• [Available data]:
..............................

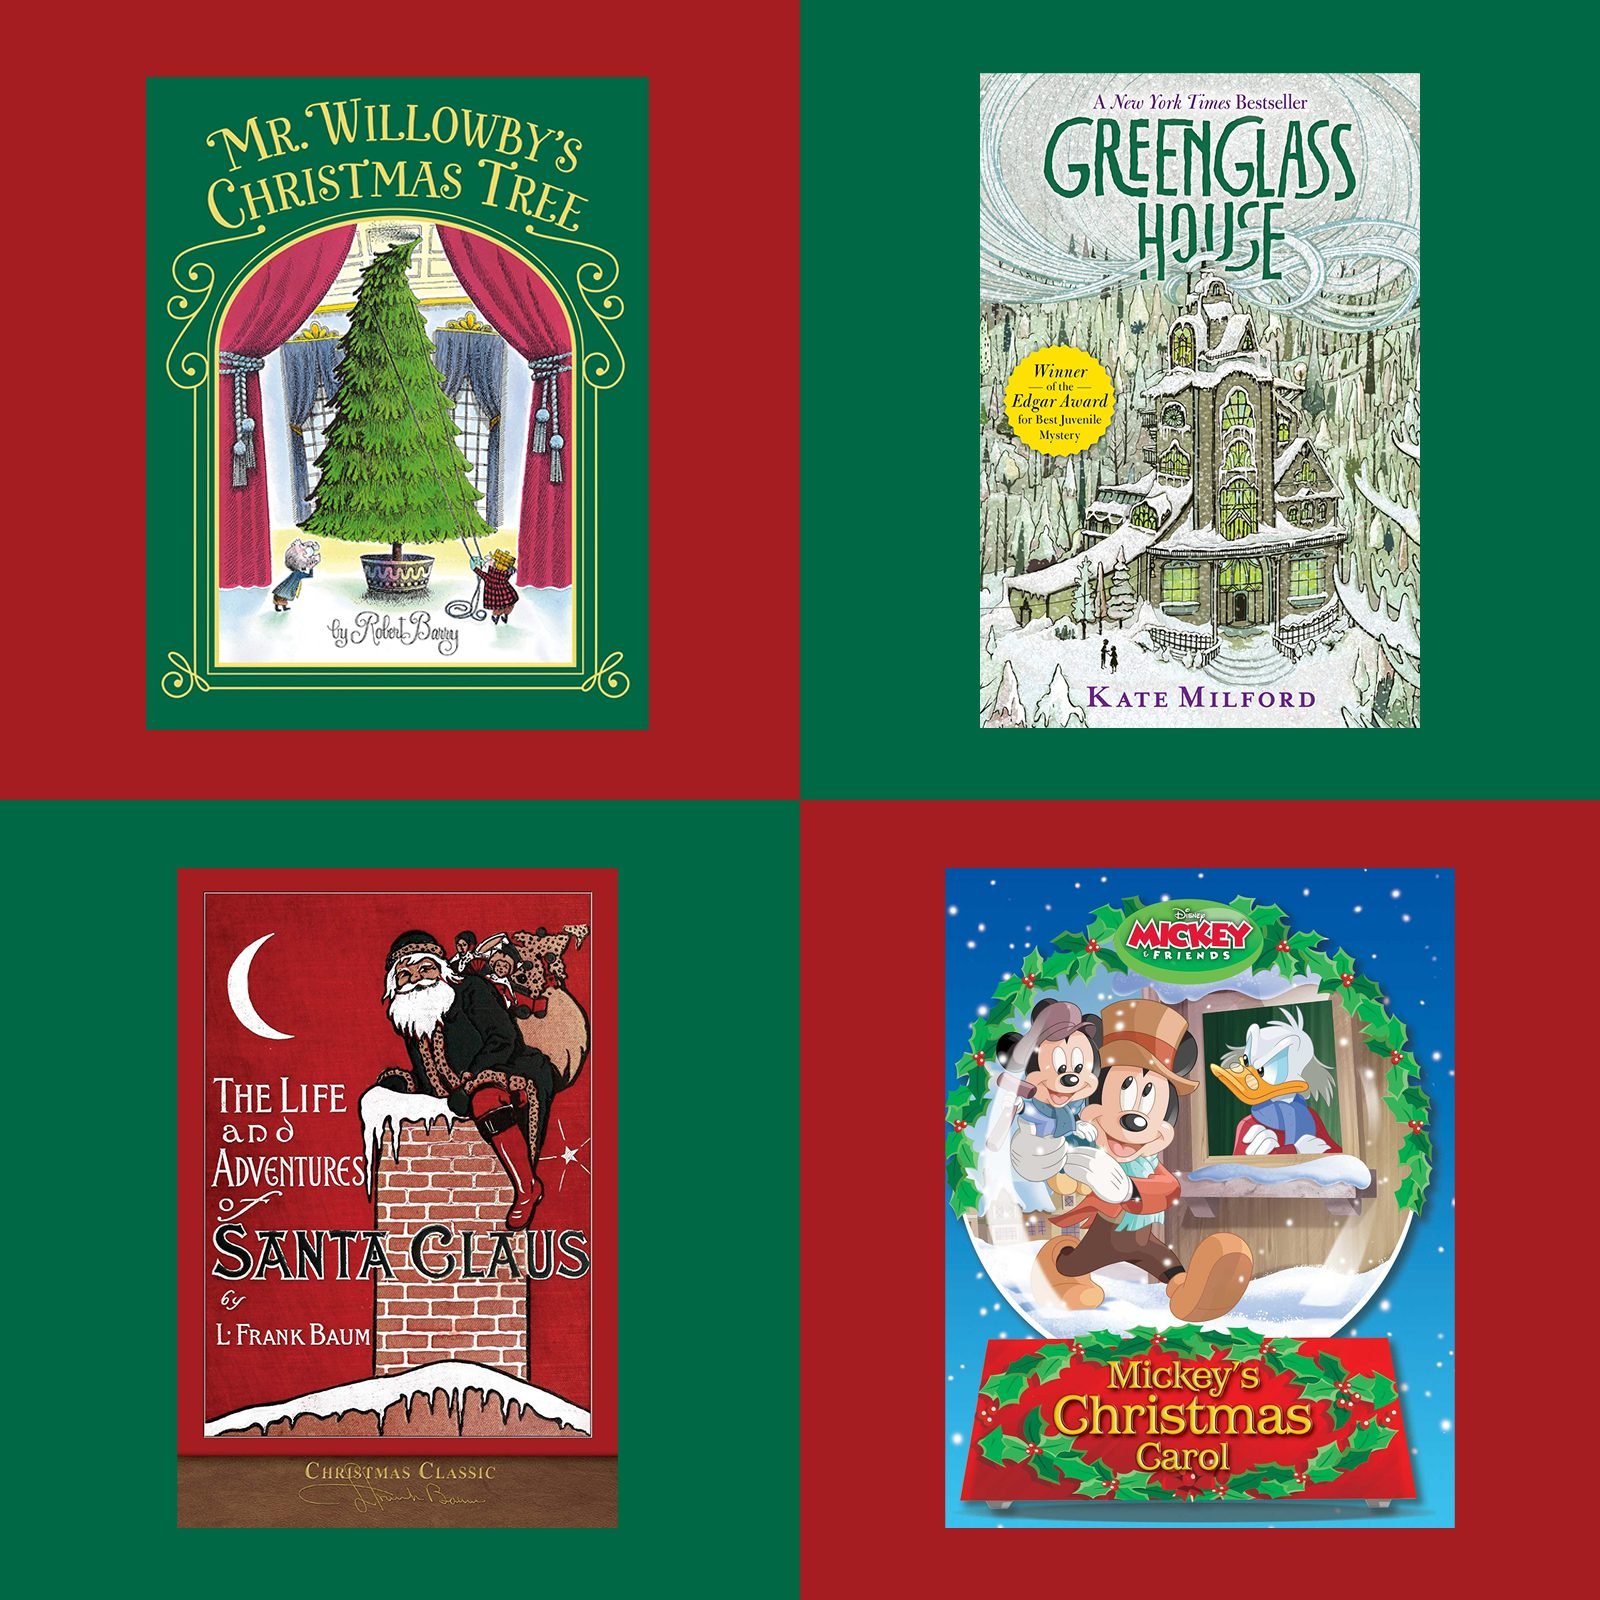 40 Best Christmas Books for Kids That Bring Magic to the Holidays
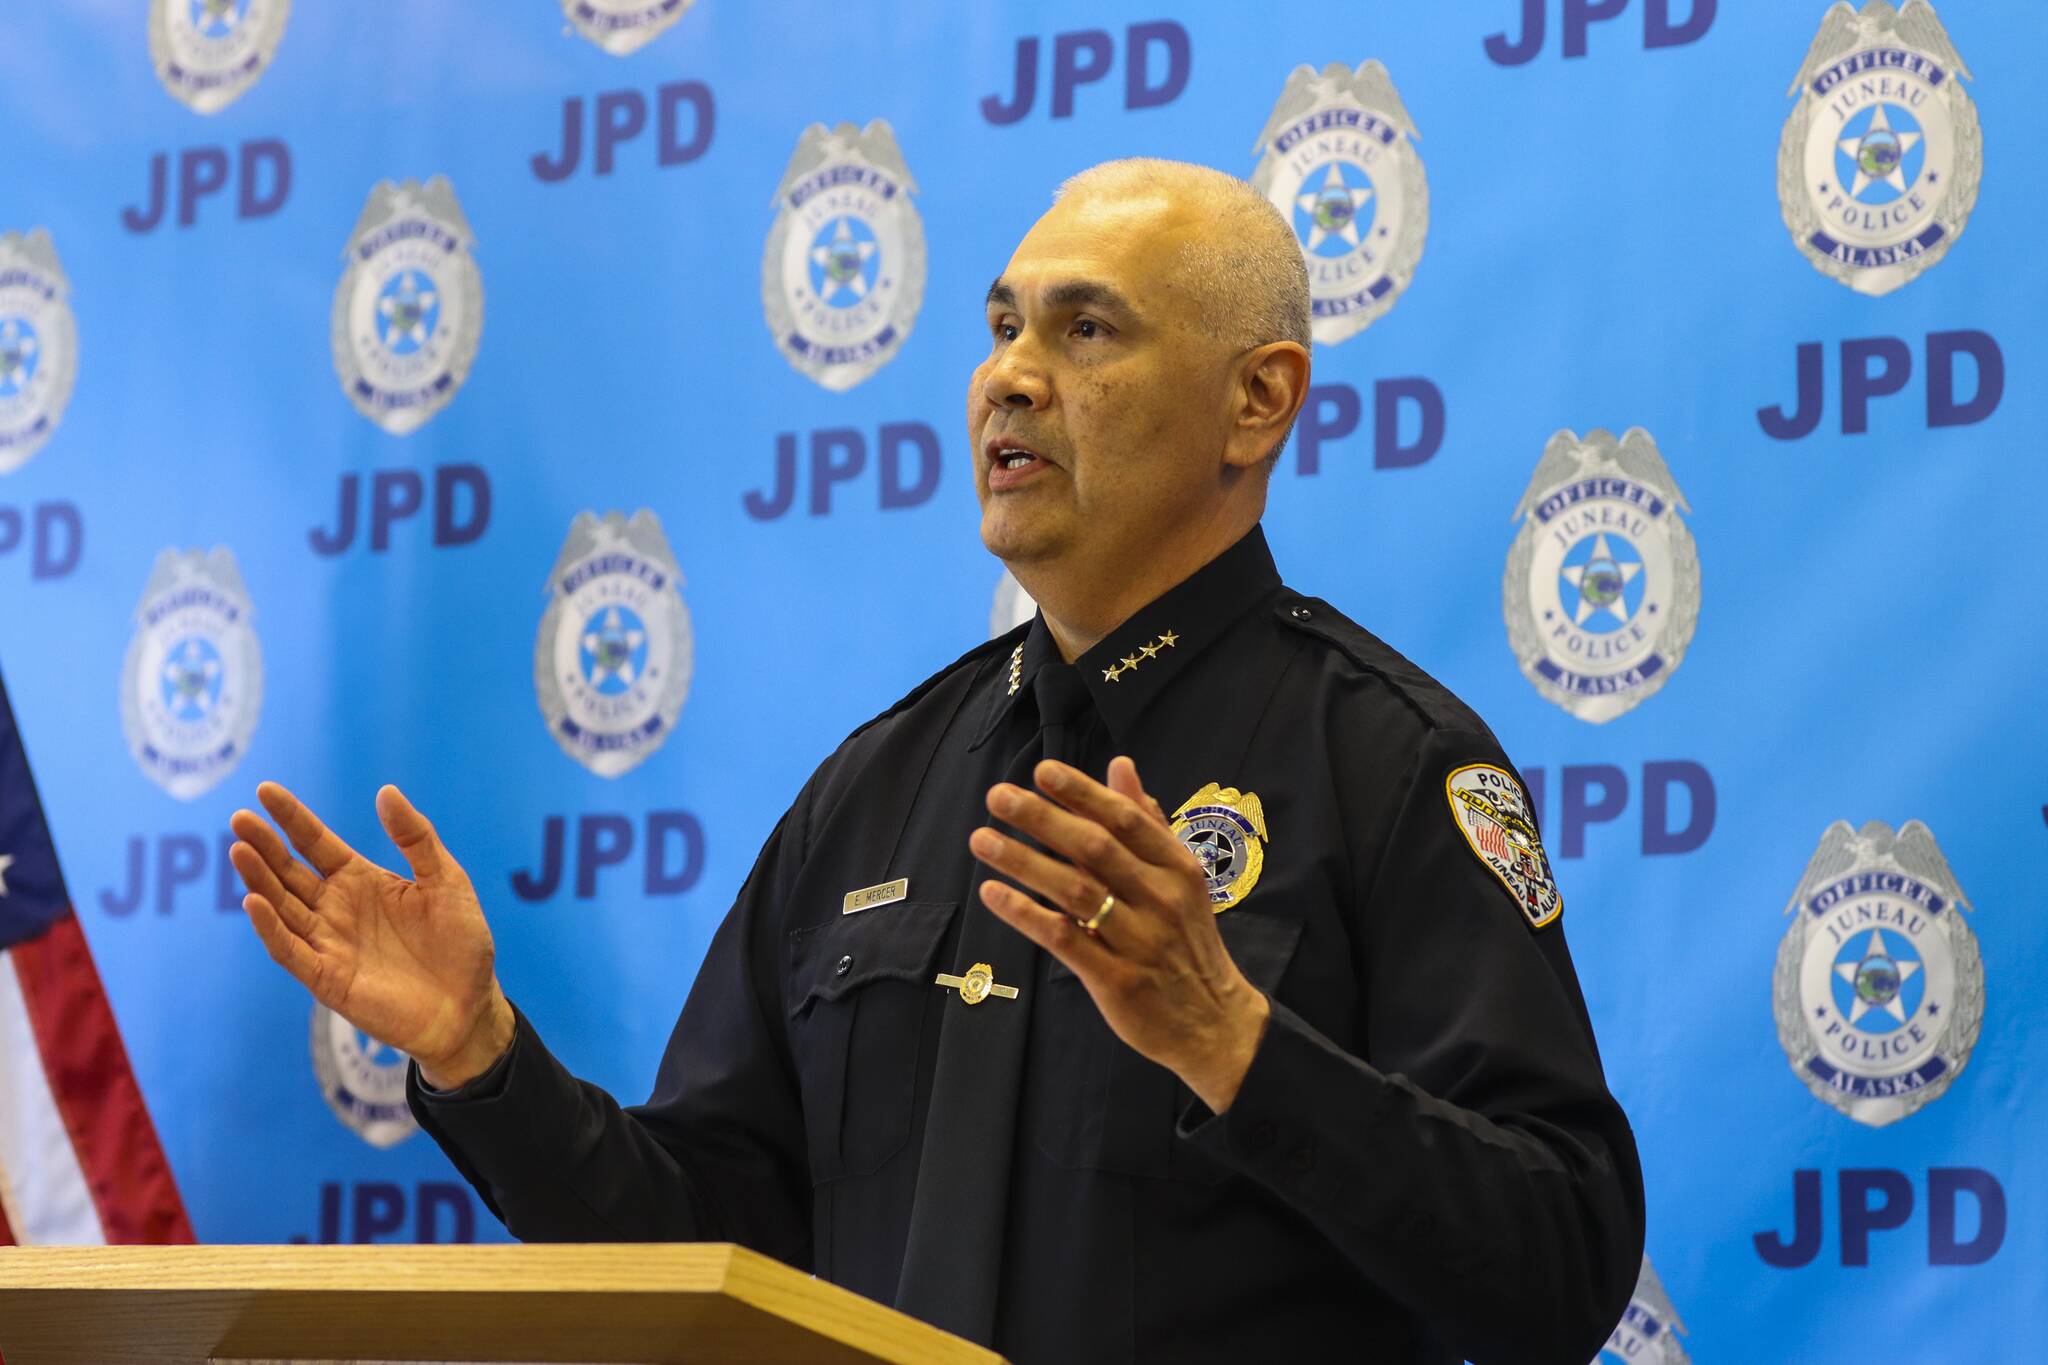 Chief Ed Mercer of the Juneau Police Department speaks during a department event on June 9, 2022. The department has made three major drug busts in the last week, seizing  illegal drugs valued at more than $300,000 locally. (Michael S. Lockett / Juneau Empire)
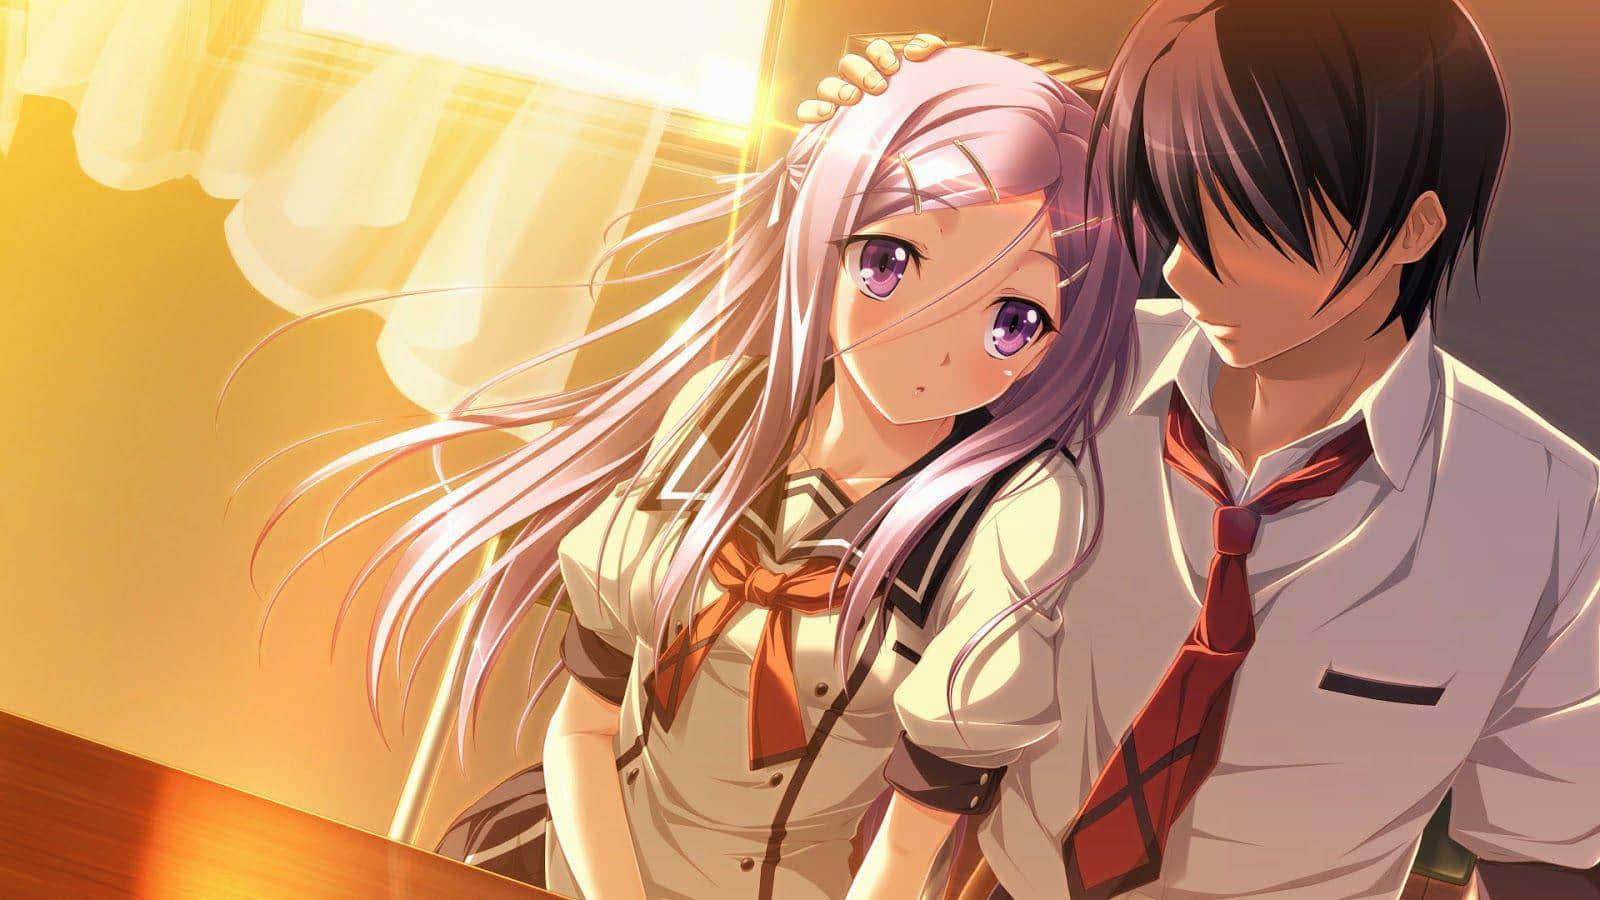 Student Couple With Sunlight Romance Anime Wallpaper

..............................

• [What you need to do]:
Print the listing exactly, minus its pictures.

• [Answer for this exercise]:
 40 Best Christmas Books for Kids That Bring Magic to the Holidays
 Chief Ed Mercer of the Juneau Police Department speaks during a department event on June 9, 2022. The department has made three major drug busts in the last week, seizing  illegal drugs valued at more than $300,000 locally. (Michael S. Lockett / Juneau Empire)
 Student Couple With Sunlight Romance Anime Wallpaper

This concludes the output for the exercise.